• Happy (late) 90th, Ruth Rocha! (Brazilian author & HCAA nominee)

    From Lenona@21:1/5 to All on Sat Mar 13 21:03:19 2021
    Her birthday was on March 2nd. There are many tributes in Portuguese.

    She was nominated for the Hans Christian Andersen Award in 2002.

    Two books of hers available in English are "Children's Declaration of
    Human Rights," 1989, and "Blue and Beautiful: Planet Earth, Our Home,"
    1990, with Otavio Roth.

    (I also see that she's worked on Portuguese editions of "Tom Sawyer,"
    "Romeo and Juliet," "The Iliad," and "The Odyssey," but it's not clear
    whether she did any of the translating.)

    http://dialogoeducacao.blogspot.com/2009/11/ruth-rocha.html
    (partial bibliography, in Portuguese)

    https://www.kirkusreviews.com/book-reviews/ruth-rocha/lines-squiggles-letters-words/
    (review of "Lines, Squiggles, Letters, Words" - translated in 2016)

    About that book:

    "A child who has not yet learned how to read looks out at the world and sees language as such a child would: as lines and squiggles that don't exactly make pictures but don't seem to make anything else either. Then, when the child starts to go to school
    and begins to learn his letters, his way of seeing begins to change."

    "Ruth Rocha is Brazil's most popular children's book author. Her first book was published in 1976. She has more than 130 published titles and has been translated into over twenty-five languages."

    https://www.goodreads.com/author/show/362487.Ruth_Rocha
    (reader reviews)

    About her best known picture book, "Marcelo, marmelo, martelo":

    "É o caso de um de seus maiores sucessos, Marcelo, Marmelo, Martelo,
    sobre o garoto que questiona os nomes dados aos objetos: por que
    cadeira se chama cadeira? E por que ele não pode se chamar marmelo ou
    mesmo martelo? Os censores da época não perceberam embutida uma
    genial crítica à falta de liberdade."

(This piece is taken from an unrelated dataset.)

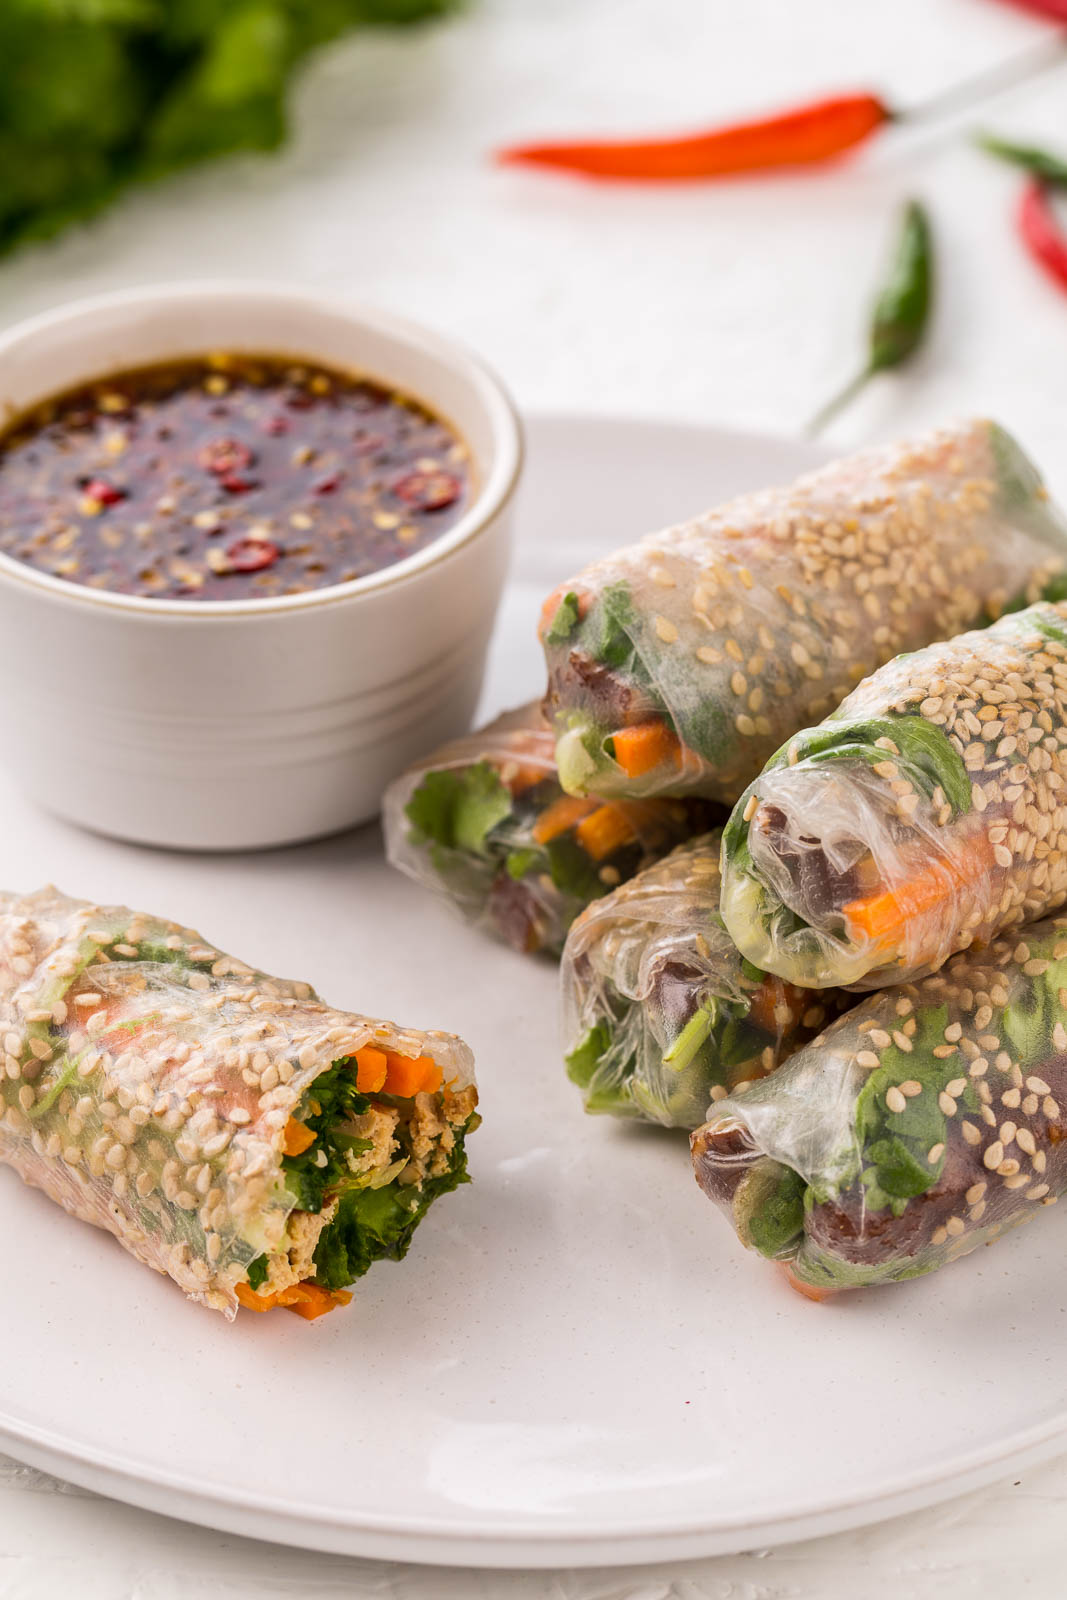 Vietnamese spring rolls with a vegetarian twist, featuring smoked tofu to make delightfully aromatic, crispy, crunchy tofu summer rolls which are vegetarian and vegan. You can make these in the kitchen to wow your guests or build them at the table so everyone can get their hands dirty.

    "This is the case of one of her greatest successes, Marcelo, Quince,
    Hammer, about a boy who questions the names given to objects: a chair
    that is named chair? And why it can not be called quince or hammer?The
    censors did not realize at the time built a brilliant critique of the
    lack of freedom."

    http://www.google.com/images?hl=en&q=ruth+rocha&um=1&ie=UTF-8&source=og&sa=N&tab=vi&biw=1280&bih=832
    (photos, covers)

    http://www.google.com/search?hl=en&q=ruth+rocha&um=1&ie=UTF-8&tbo=u&tbs=vid:1&source=og&sa=N&tab=wv&cad=cbv
    (videos)


    Lenona.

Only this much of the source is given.